During the 1990s the New York City Police Department (NYPD) adopted CompStatbroken windows policing and other strategies in a major effort to reduce crime. The city's dramatic drop in crime has been attributed by criminologists to policing tactics, the end of the crack epidemic and - controversially - the legalization of abortion approximately 18 years previous. Most of the crime remaining occurs in poor areas, which tend to be outlying. There is a correlation between poverty and crime. Not that rich people do not like the easy way but they have other more effective choices and they take your money without going into your house. So if street crime is your worry, it is more effective to fight against poverty than spend resources on guns.  Fighting against poverty does not mean charity, but uprooting the causes.

Homicide is the second leading cause of death for persons aged 15–24 years, the third leading cause for persons aged 25–34 years, and the fourth for persons aged 1–14 years. Similarly, suicide is the second leading cause of death for persons aged 25–34 years and the third leading cause for persons aged 10–24 years. Homicide and suicide are leading causes of death because of drugs and weapons are just tools.

Every year just over 30,000 people die in the US from gunshot wounds. Every two years more US citizens are killed by gunshot wounds than were lost in the entire Vietnam war.

With a population of 310 million about 2,573,000 people die in the US each year. Of which 30,000 die of Gun Shot – so if you live in the US you have over a 1 % chance that you will die of Gun Shot wound.

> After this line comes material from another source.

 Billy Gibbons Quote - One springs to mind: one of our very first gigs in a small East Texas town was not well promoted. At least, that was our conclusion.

America's gun control laws are the loosest in the developed world and its rate of gun-related homicide is the highest. Of the world's 23 "rich" countries, the U.S. gun-related murder rate is almost 20 times that of the other 22. With almost one privately owned firearm per person, America's ownership rate is the highest in the world; tribal-conflict-torn Yemen is ranked second, with a rate about half of America's.

But what about the country at the other end of the spectrum? What is the role of guns in Japan, the developed world's least firearm-filled nation and perhaps its strictest controller? In 2008, the U.S. had over 12 thousand firearm-related homicides. All of Japan experienced only 11, fewer than were killed at the Aurora shooting alone. And that was a big year: 2006 saw an astounding two, and when that number jumped to 22 in 2007, it became a national scandal. By comparison, also in 2008, 587 Americans were killed just by guns that had discharged accidentally.

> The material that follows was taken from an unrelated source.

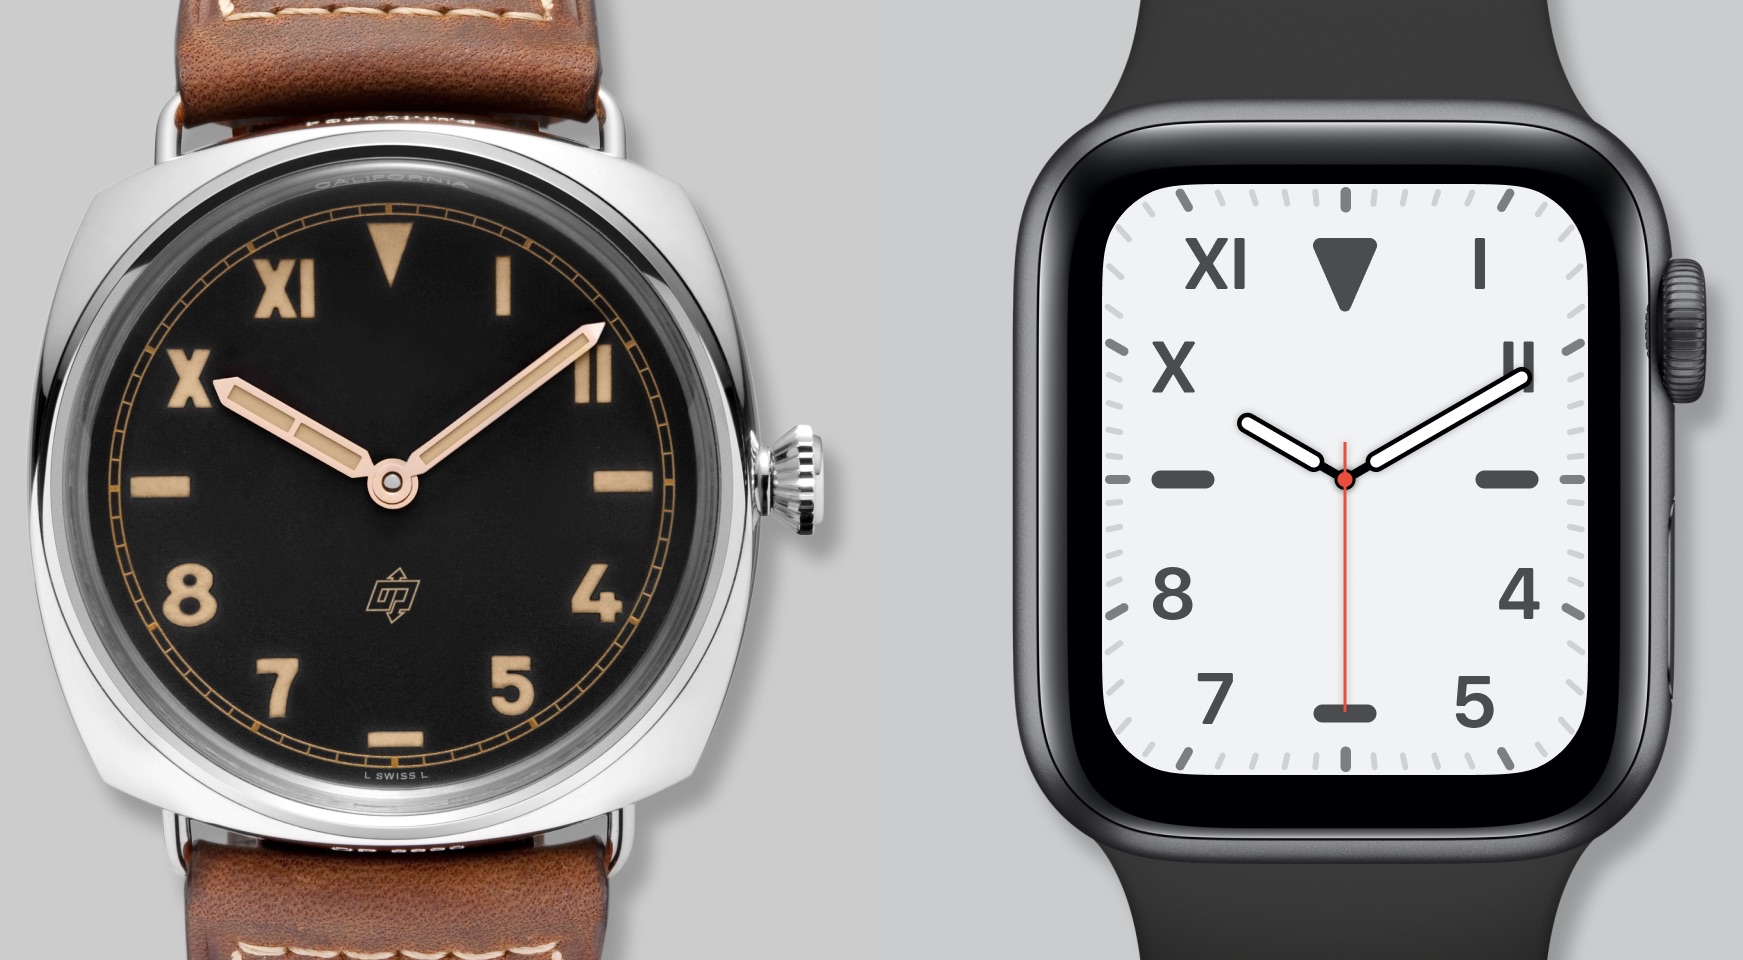 Designer Shares Deep Dive Into History of Classic Apple Watch Faces

Almost no one in Japan owns a gun. Most kinds are illegal, with onerous restrictions on buying and maintaining the few that are allowed. Even the country's infamous, mafia-like Yakuza tend to forgo guns; the few exceptions tend to become big national news stories.

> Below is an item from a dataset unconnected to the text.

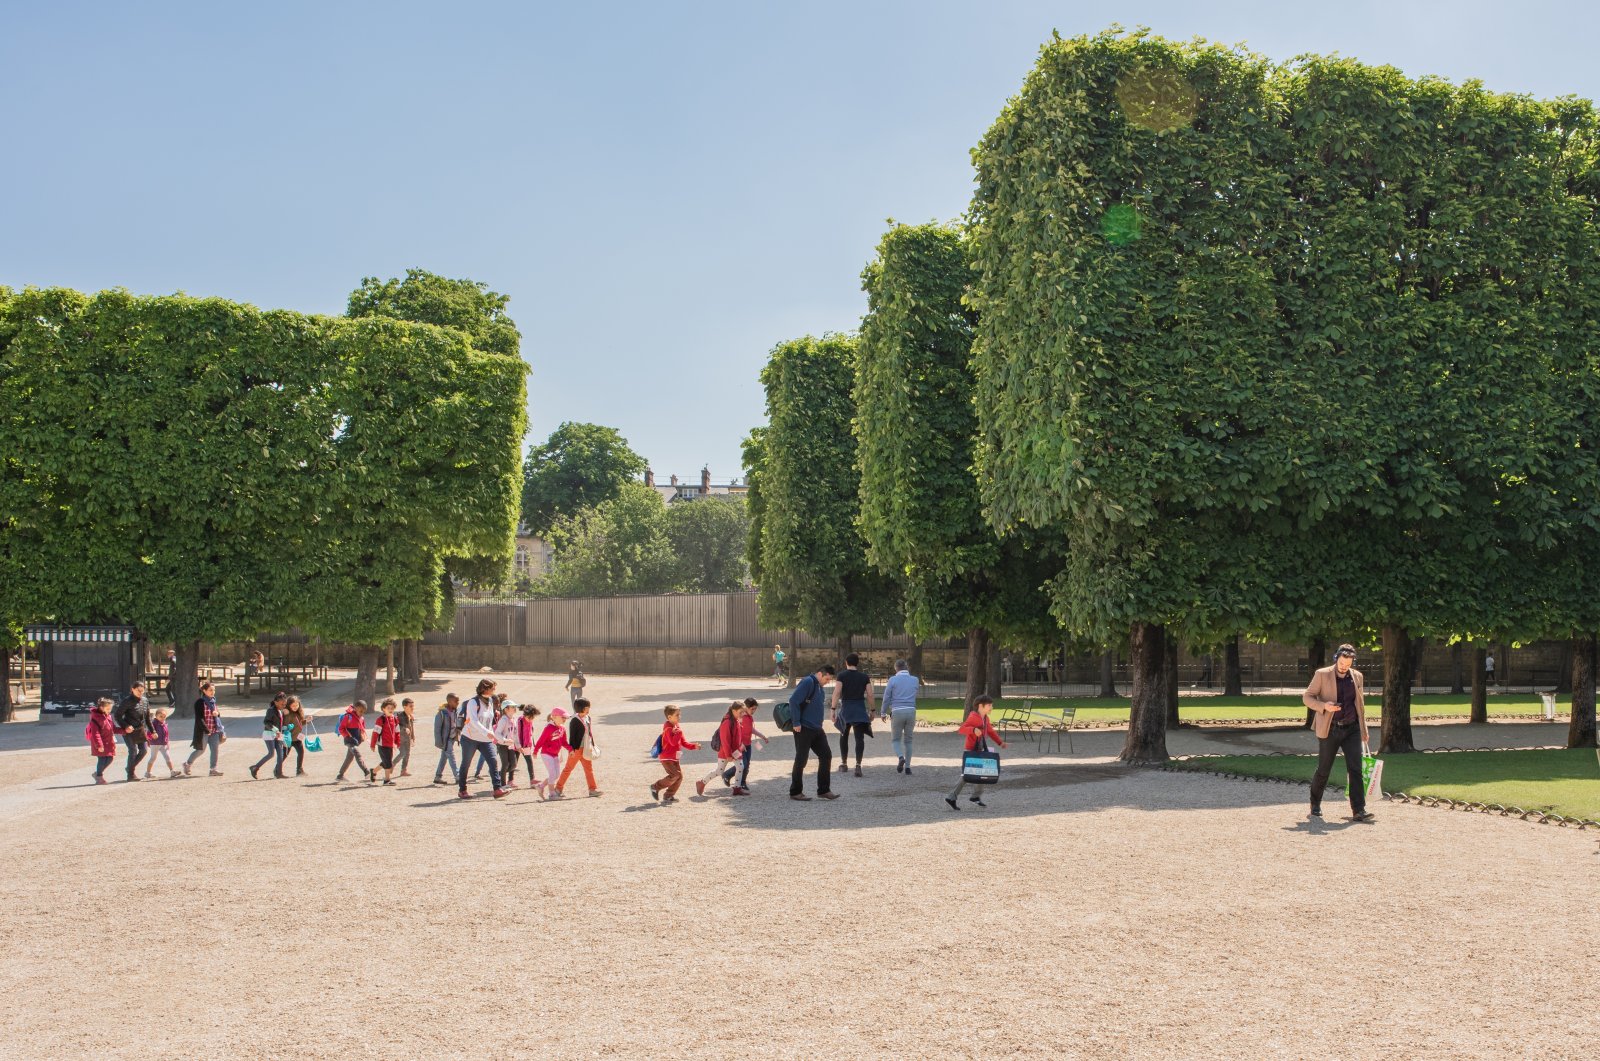 School children on a field trip to picnic at the Luxembourg Palace and Gardens, a popular and historic park in the Montparnasse neighborhood in Paris, May 18, 2018. (Shutterstock File Photo)

The Japanese and American ways of thinking about crime, privacy, and police powers are so different -- and Japan is such a generally peaceful country -- that it's functionally impossible to fully isolate and compare the two gun control regiments. It's not much easier to balance the costs and benefits of Japan's unusual approach, which helps keep its murder rate at the second-lowest in the world, though at the cost of restrictions that Kopel calls a "police state," a worrying suggestion that it hands the government too much power over its citizens. After all, the U.S. constitution's second amendment is intended in part to maintain "the security of a free State" by ensuring that the government doesn't have a monopoly on force. Though it's worth considering another police state here: Tunisia, which had the lowest firearm ownership rate in the world (one gun per thousand citizens, compared to America's 890) when its people toppled a brutal, 24-year dictatorship and sparked the Arab Spring.